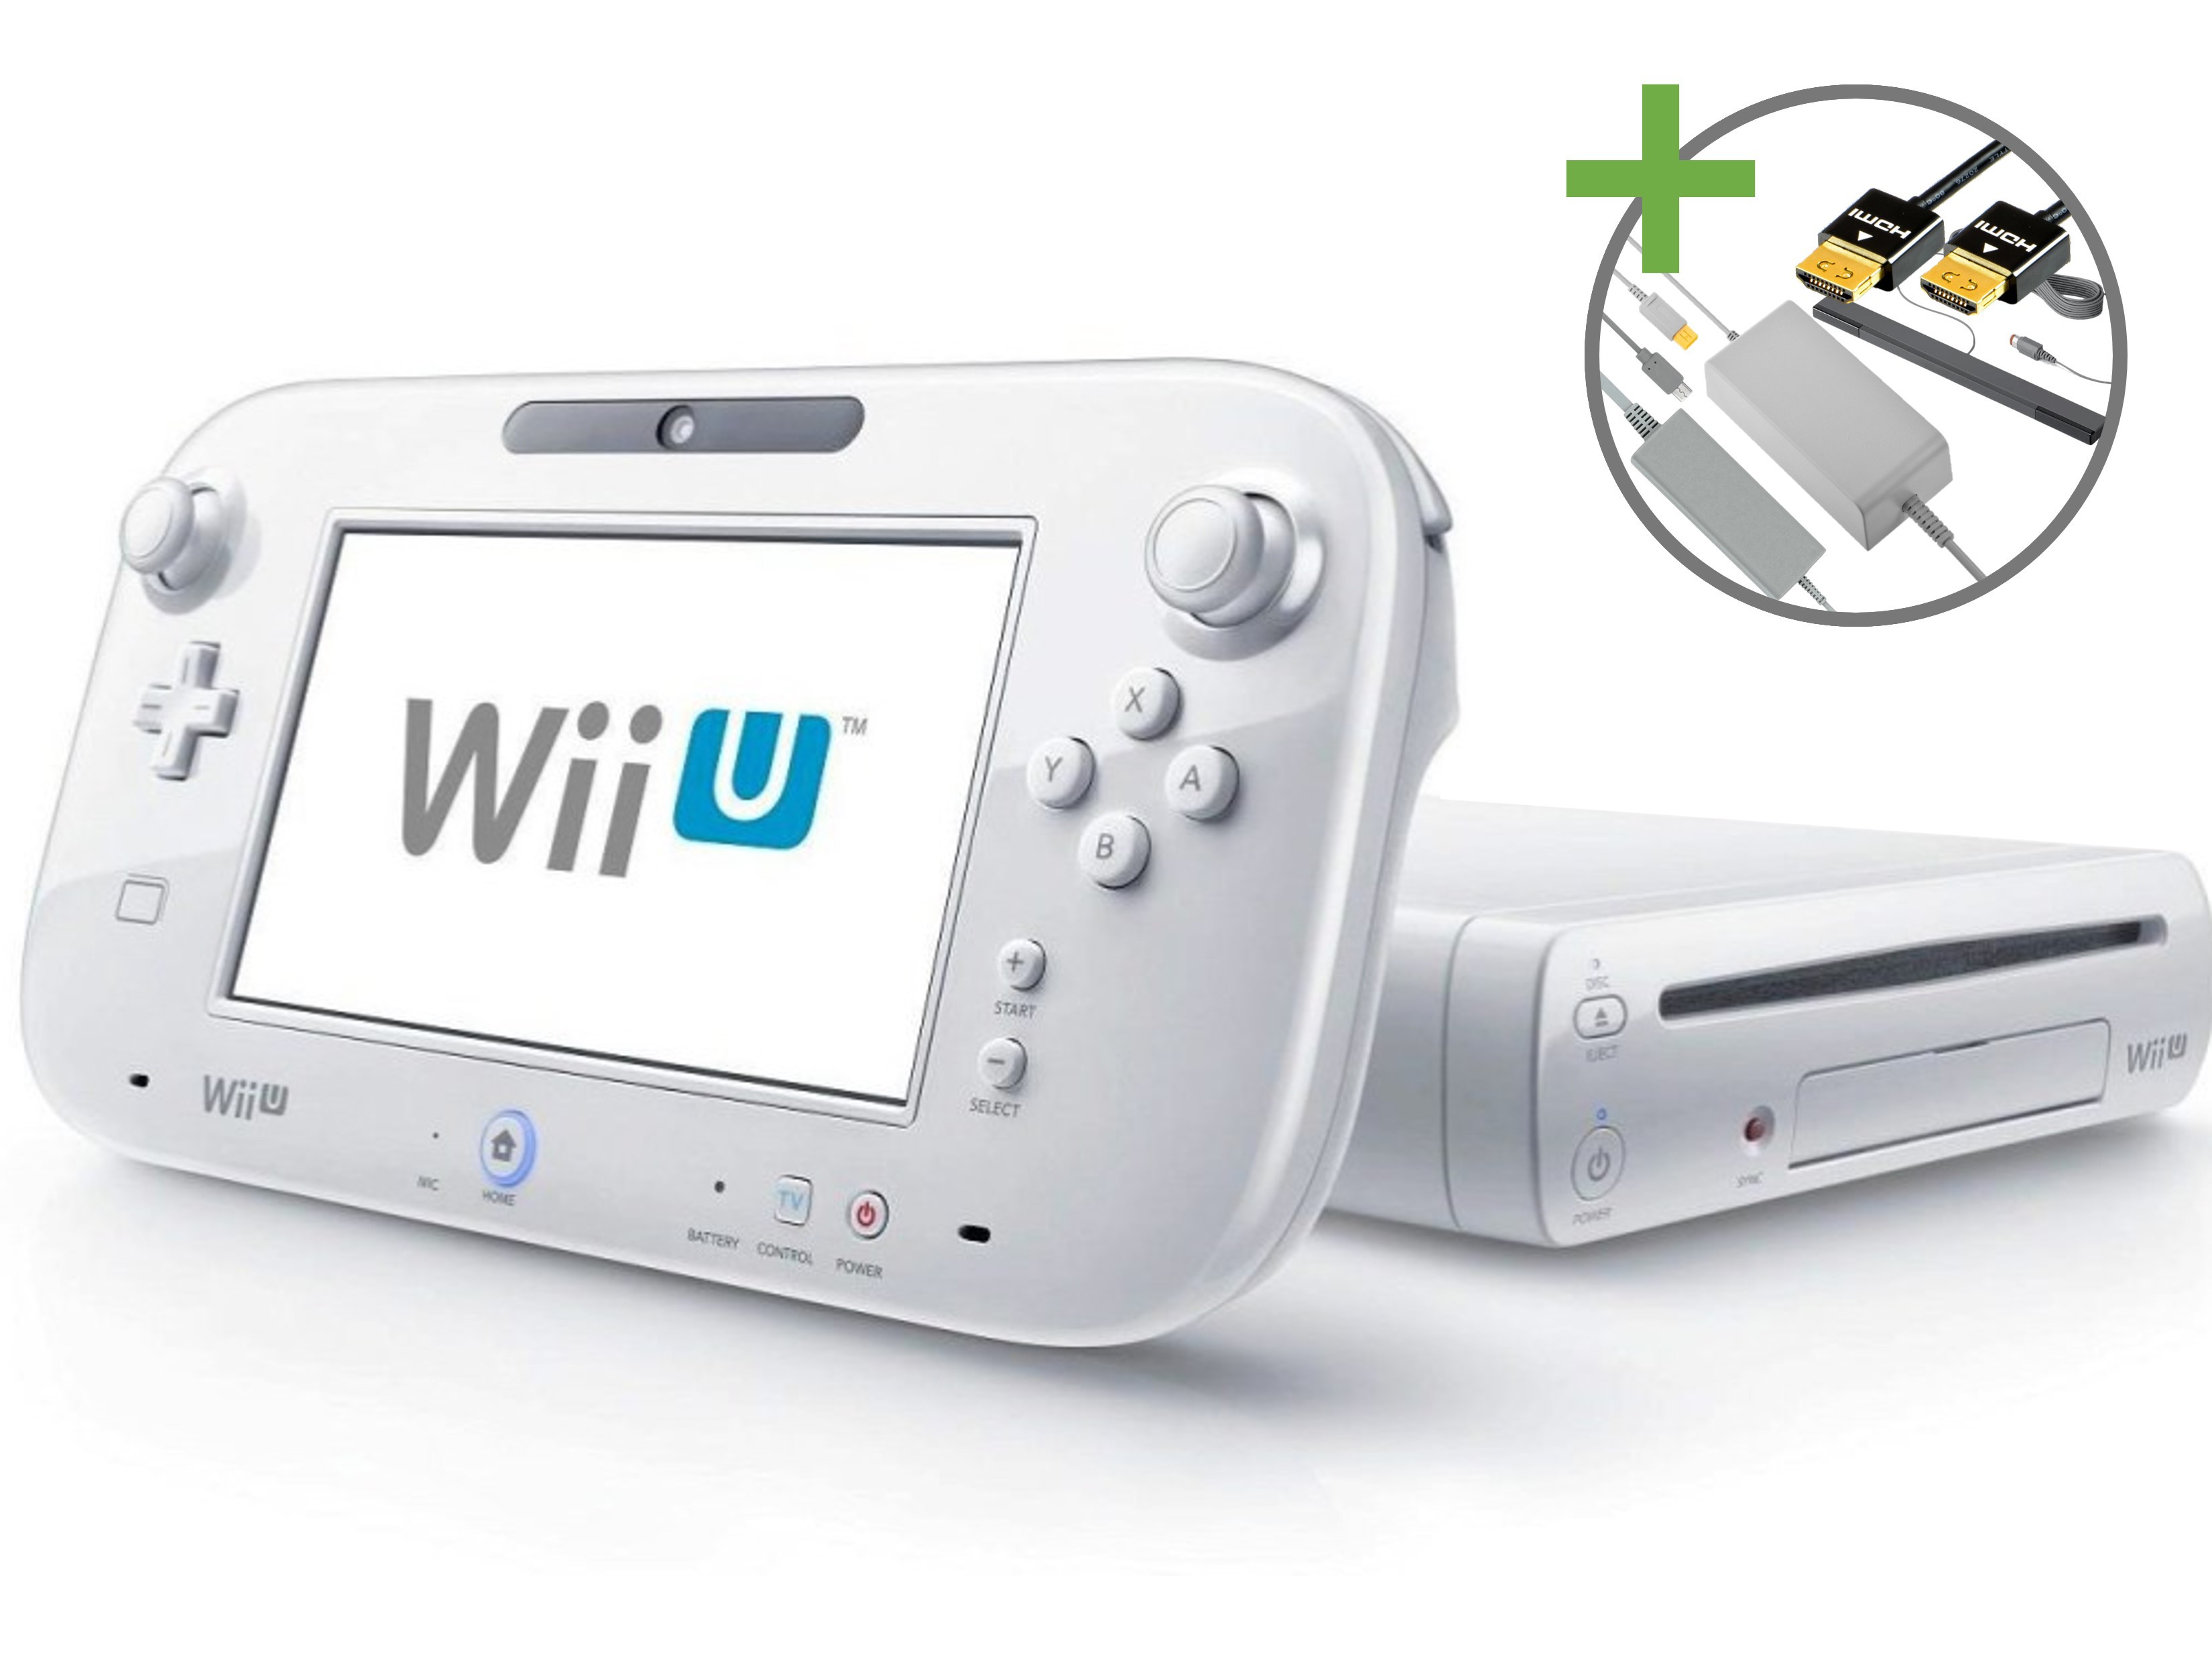 Nintendo Wii U Starter Pack - Basic White Pack Edition [Complete] - Wii U Hardware - 2
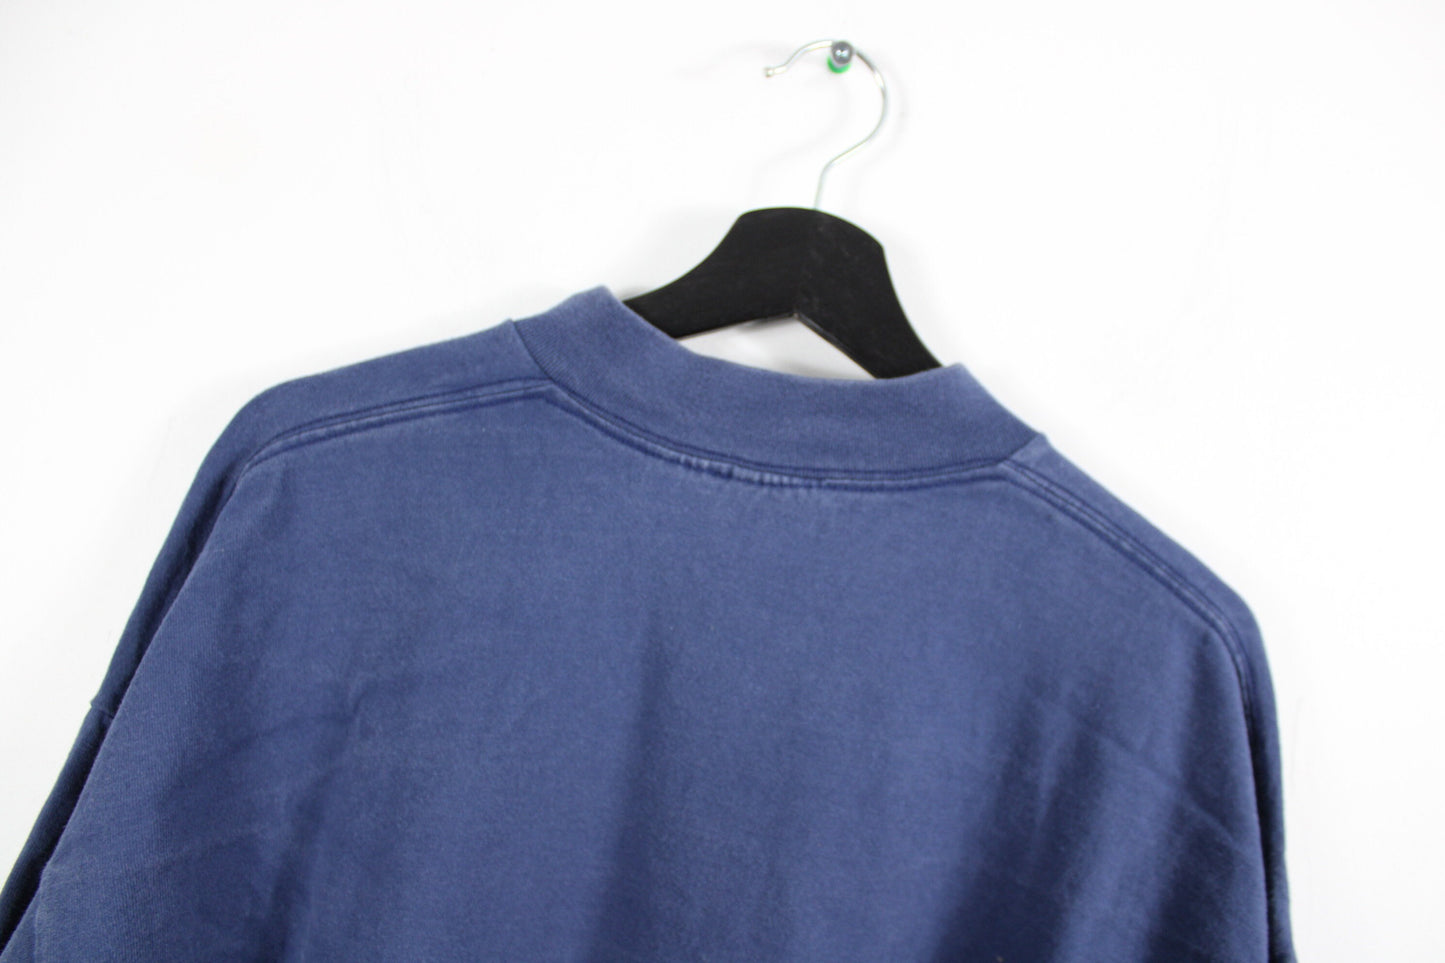 Nike-Swoosh T-Shirt / Vintage Mock-Neck Long-Sleeve Graphic Logo Tee Shirt / 90s Hip Hop Clothing / Streetwear
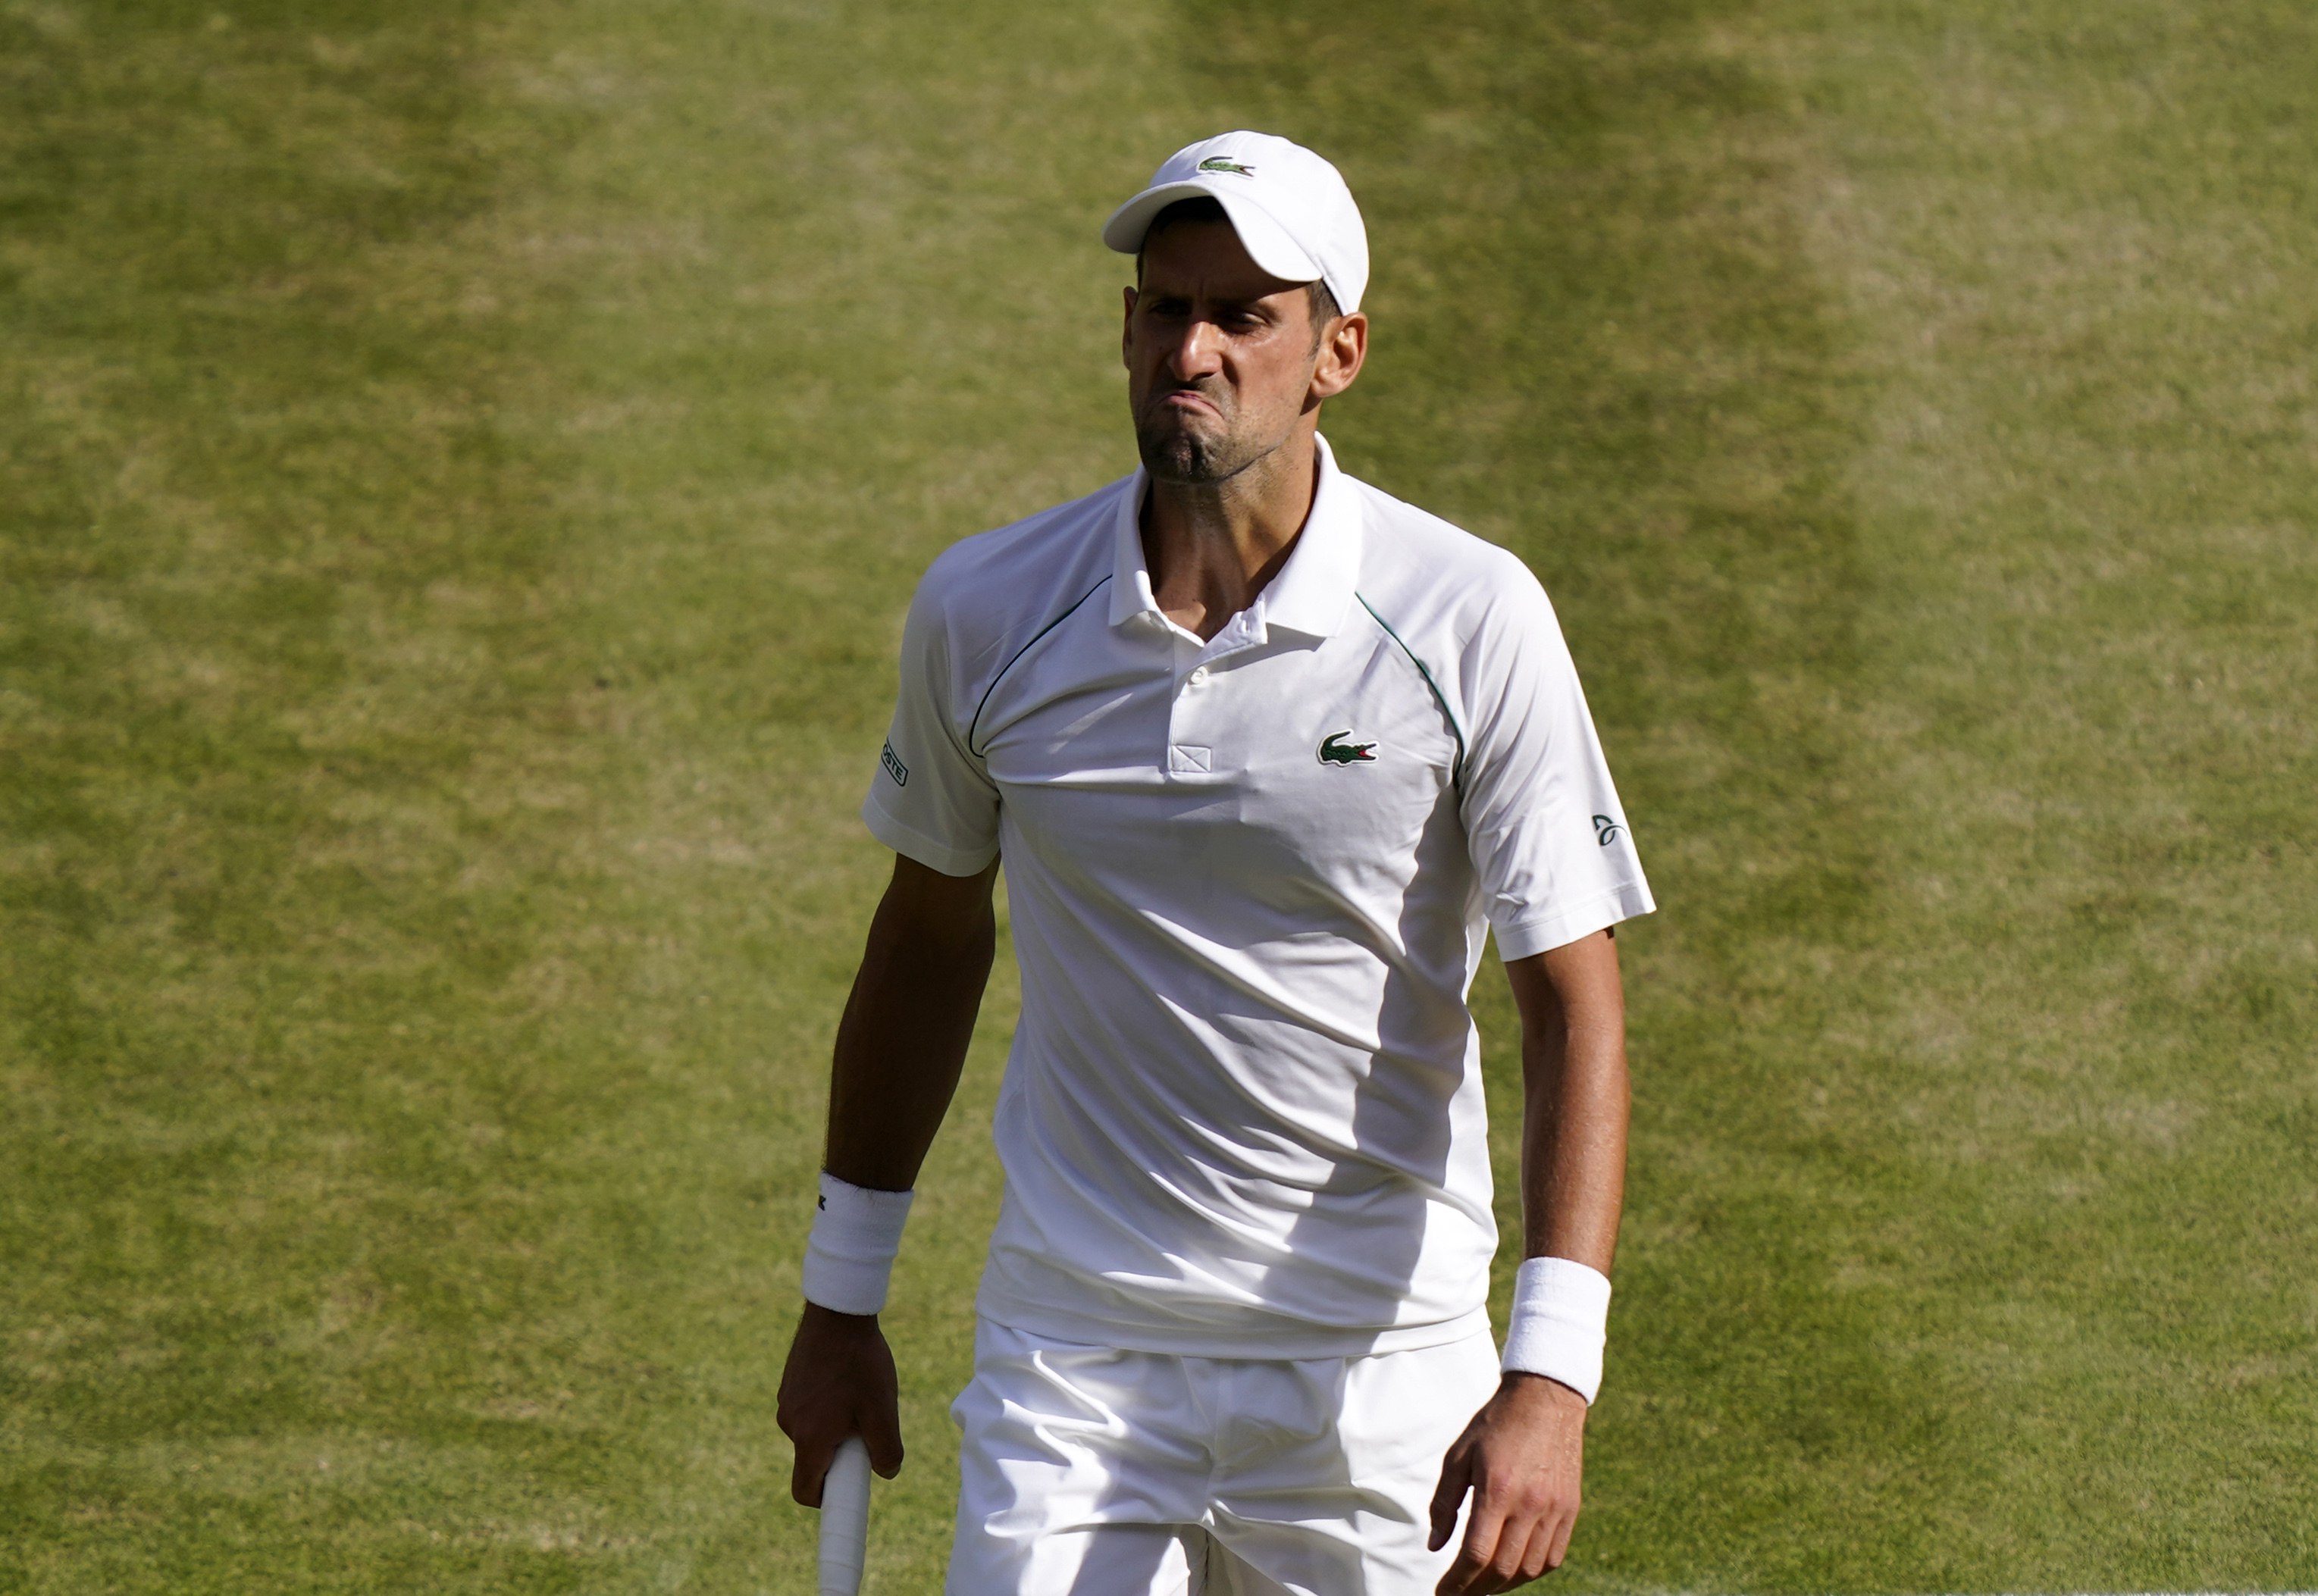 Djokovic beats Kyrgios to win 7th title  Wimbledon updates  Tennis.com

WHAT IS BEING ASKED: While leaving pictures out, reproduce exactly the lines from the beginning of the listing above through the line containing "Nike-Swoosh T-Shirt /", both ends included.

SOLUTION TO THIS TASK:
 Nintendo Wii U Starter Pack - Basic White Pack Edition [Complete] - Wii U Hardware - 2
 Nike-Swoosh T-Shirt / Vintage Mock-Neck Long-Sleeve Graphic Logo Tee Shirt / 90s Hip Hop Clothing / Streetwear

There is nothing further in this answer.